Could this be how "Gold destroys the Fed"? Inquiring minds wanna know.
Nice link, thanks!
That guy posts daily, often even more detailed. Amazingly brilliant mind. Gotta love his username too.
Also want to shout out Wallstreetsilver and to say that even though gold looks to do well, silver still has plenty of fundamentals behind it pointing to an improving gold/silver ratio currently ~80:1 to head towards ~55:1 regardless of whether gold price rises
Been following the squeeze over a year. Have a few hundred Oz myself but the price is lower than it was all of last year, really. It's frustrating but the more people stack, the closer we get. It's the physical equivalent of GME
The lower commodity price with real inflation roaring at +10% is the absolute proof of market manipulation. The price itself is what’s known as a “steal”.

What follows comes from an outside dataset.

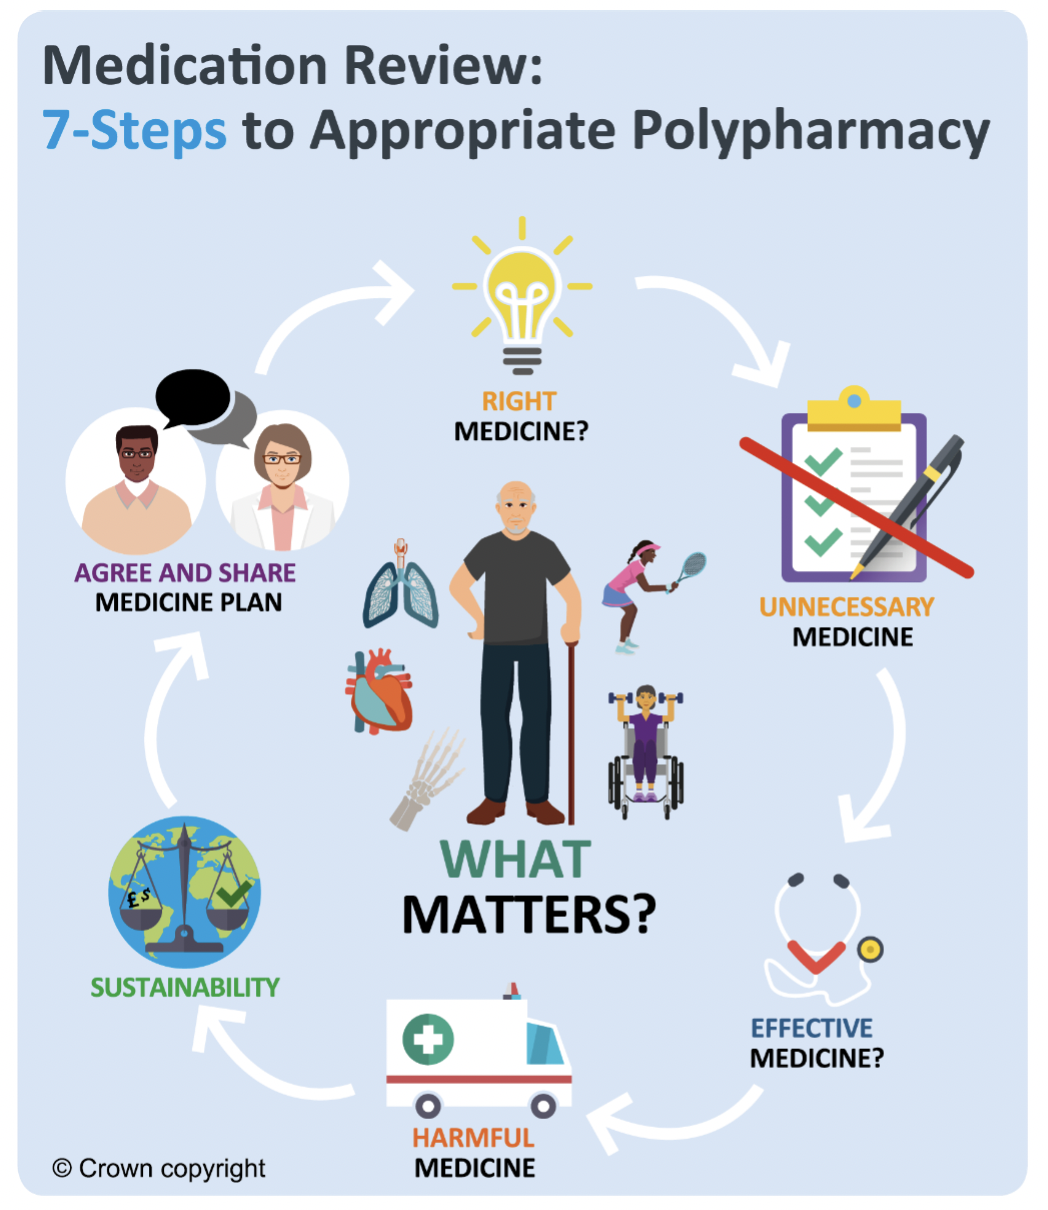 Flow chart for 7-Steps medication review process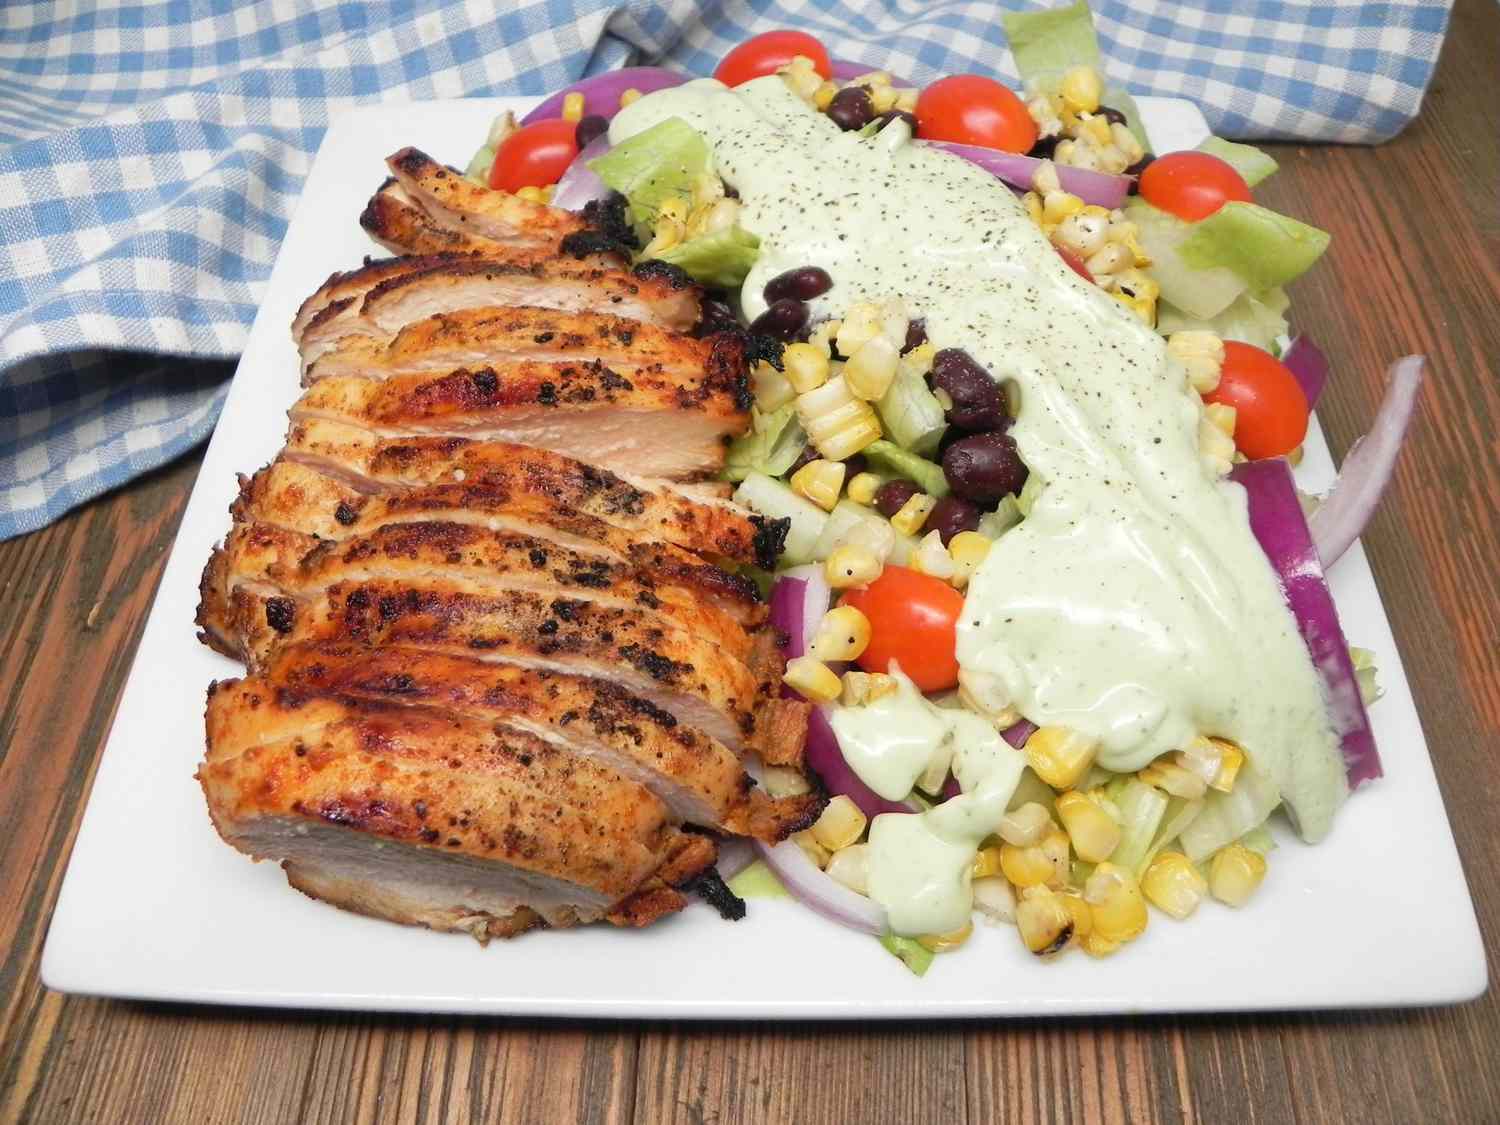 Sliced grilled chicken on southwest salad with avocado ranch dressing

I am trying to understand his posts. Looks like I need to take a crash course in Comex terminology and process to fully understand what all the things like "gold arriving", "inactive month", etc means. Worth investing the time on it.
Inactive months are more tha that don't generally see as much volume in trade. They are usually the same year by year.
Gold arriving is usually when the metals banks move some of their stock into the COMEX vaults, usually to replace gold that has been delivered to customers demanding delivery of gold they are entitled to.
The ponsi scheme is that when people buy gold in "unallocated vaults" they don't buy actual gold, rather the promise that if they demand delivery they will get gold.
So if there are 100oz in unallocated pool, the banks will often sell that same gold to several customers and they all own it thinking it's theirs. Typically no one demands delivery of large amounts of metals because they want it to be "kept safe"
That fractional reserve dealing makes the price of gold be kept down because on paper it shows that so much has been sold (when in reality it's the same gold being sold again and again having multiple unwitting owners).
Banks also sell their own gold to each other (without ever moving it, just changing the owner of it on paper) to keep prices down.
However the last year, many people wisened up and have been demanding delivery of silver and gold, causing the banks to have to put in their own stock to replace what has been delivered. As people keep demanding delivery, banks are getting their bluff called.
Of course they can always default and settle for cash as per their contract to those demanding delivery of non existing stock, but that will blow the lid off the scheme.
For bullion buyers in the retail side (people buying coins, rounds, bars, etc) they aren't directly affecting the comex as the comex deals with contracts (5000oz of silver per contract) and they get supply from producers. The coin buyers are retail and its a different side of things, but the more goes to retailers, the less there is for COMEX and the British and Australian equivalents.
There were massive shortages on the retail end and the Perth Mint (Australia gov mint) was set back MONTHS and set limits on retail purchases but swore they had the supply. They resorted to buying silver from China at one point to keep up lmao.
Then they released a picture of some guy standing by some bars and used that as proof that they have plenty of silver. He became a meme.
Hey, thanks for this really useful post. You should perhaps think about making a new post or series of posts - like "Primer on Comex and their Shenanigans" or something like that. It would be massively useful for the people here.
So this is a thing? Is this reflected in their data? I see available pool and reserved pool but no unallocated pool.